There is literally NO substitute for either call or apply as they are low-level JS primitives. Arrow functions can go a long way toward handling .bind() scenarios, but I believe there are situations where you must still use .bind() to prevent constantly creating new functions (and the related garbage).
.bind() does create a new function, though it has far less “slots” than a regular one. It doesn’t modify the original function.

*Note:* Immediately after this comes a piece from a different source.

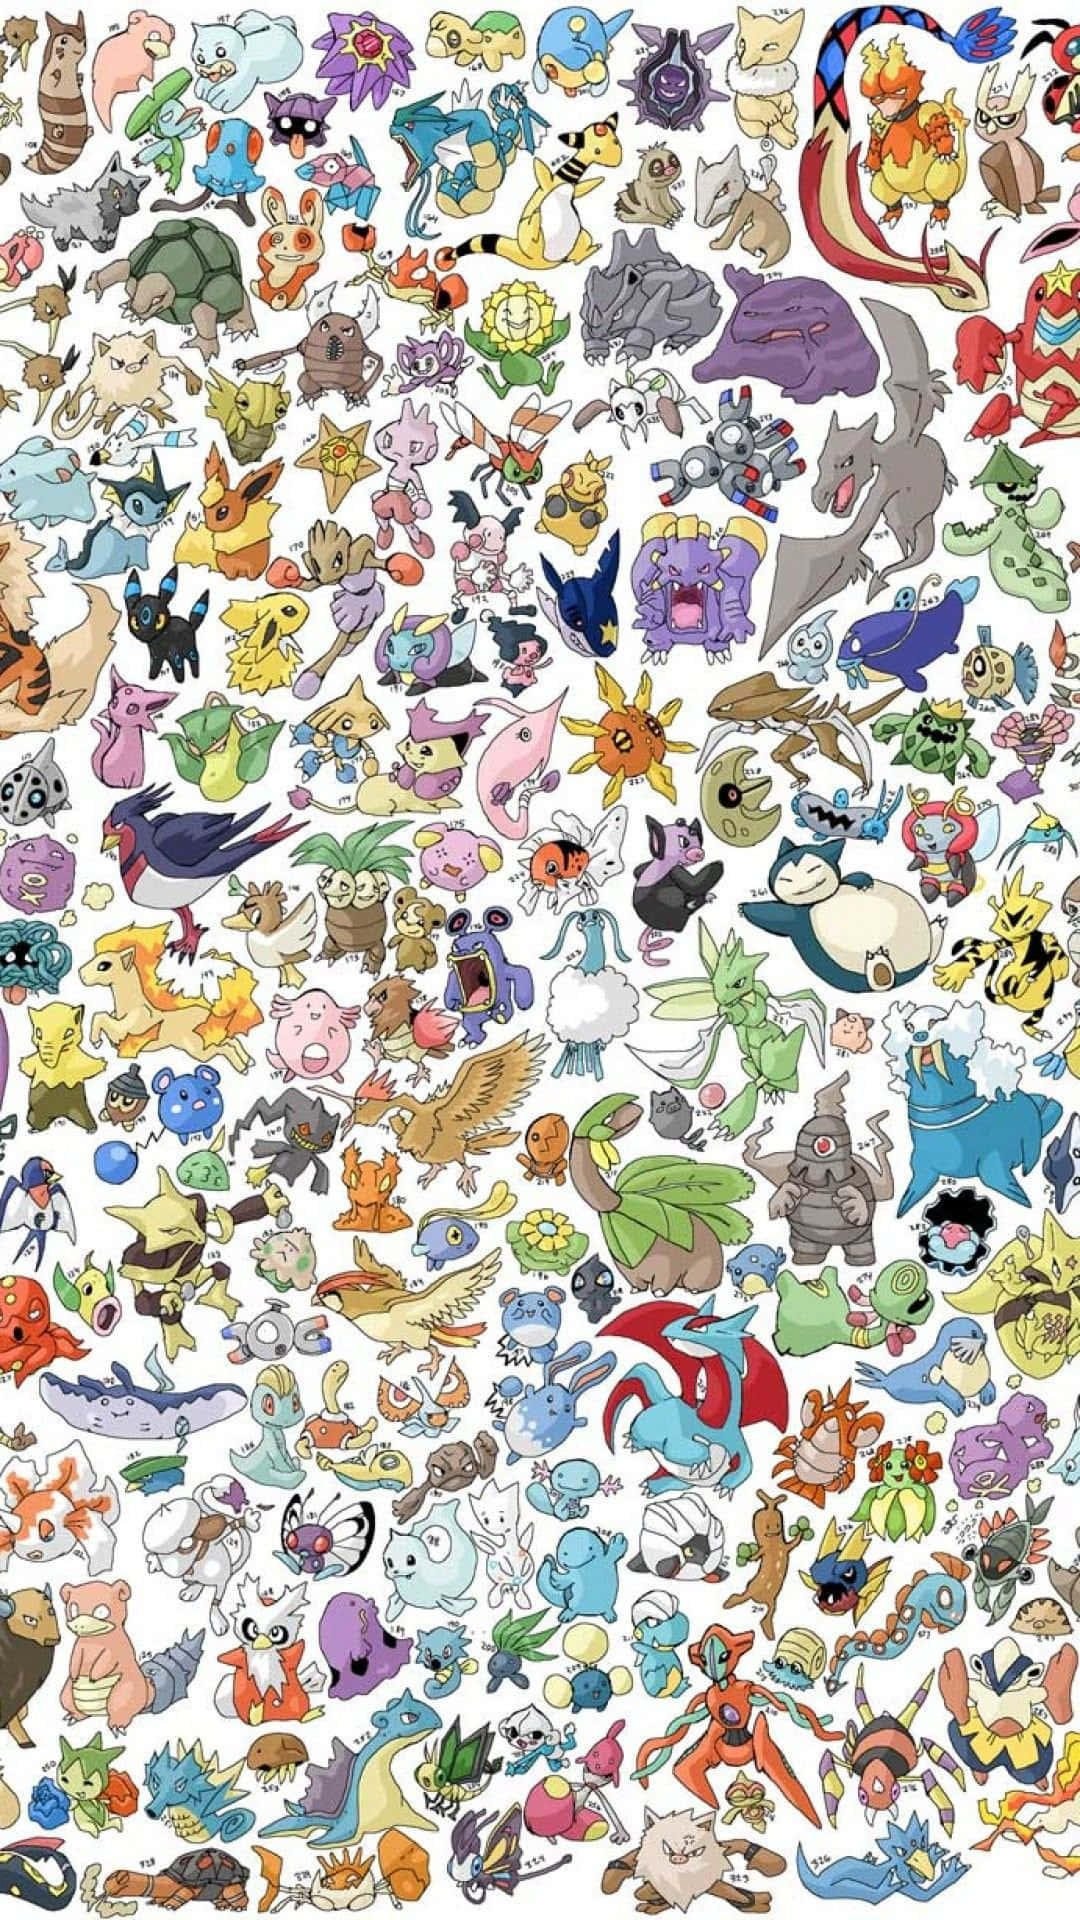 100+] All Pokemon Pictures

The spec doesn’t specify anything beyond that, afair, and if binds aren’t cached in some way (easy to check with === or roll up your own cachedBind()), GC barely can make any benefit out of collecting slightly smaller objects (but the interpreted part of a runtime may still process bound functions a little faster than closures doing the same thing).
As of source code or p-code or by whatever structure {<code>} body is represented inside, it is always* static for all closures, so there is no overhead apart from a closure itself between:
function foo() {<code>} // func
for (;;) foo()
and
let i = 0
for (;;) {
let j = 0
function foo() {i++; j++; <code>} // closure
foo()
}
Because {…<code>} is a singleton in both snippets.
* of course jit may blur this distinction a lot, but that’s unrelated
There is no way to closure it somehow without (temporarily) modifying an instance of Foo. (The next obvious question is “why” and the answer is “metaprogramming”.)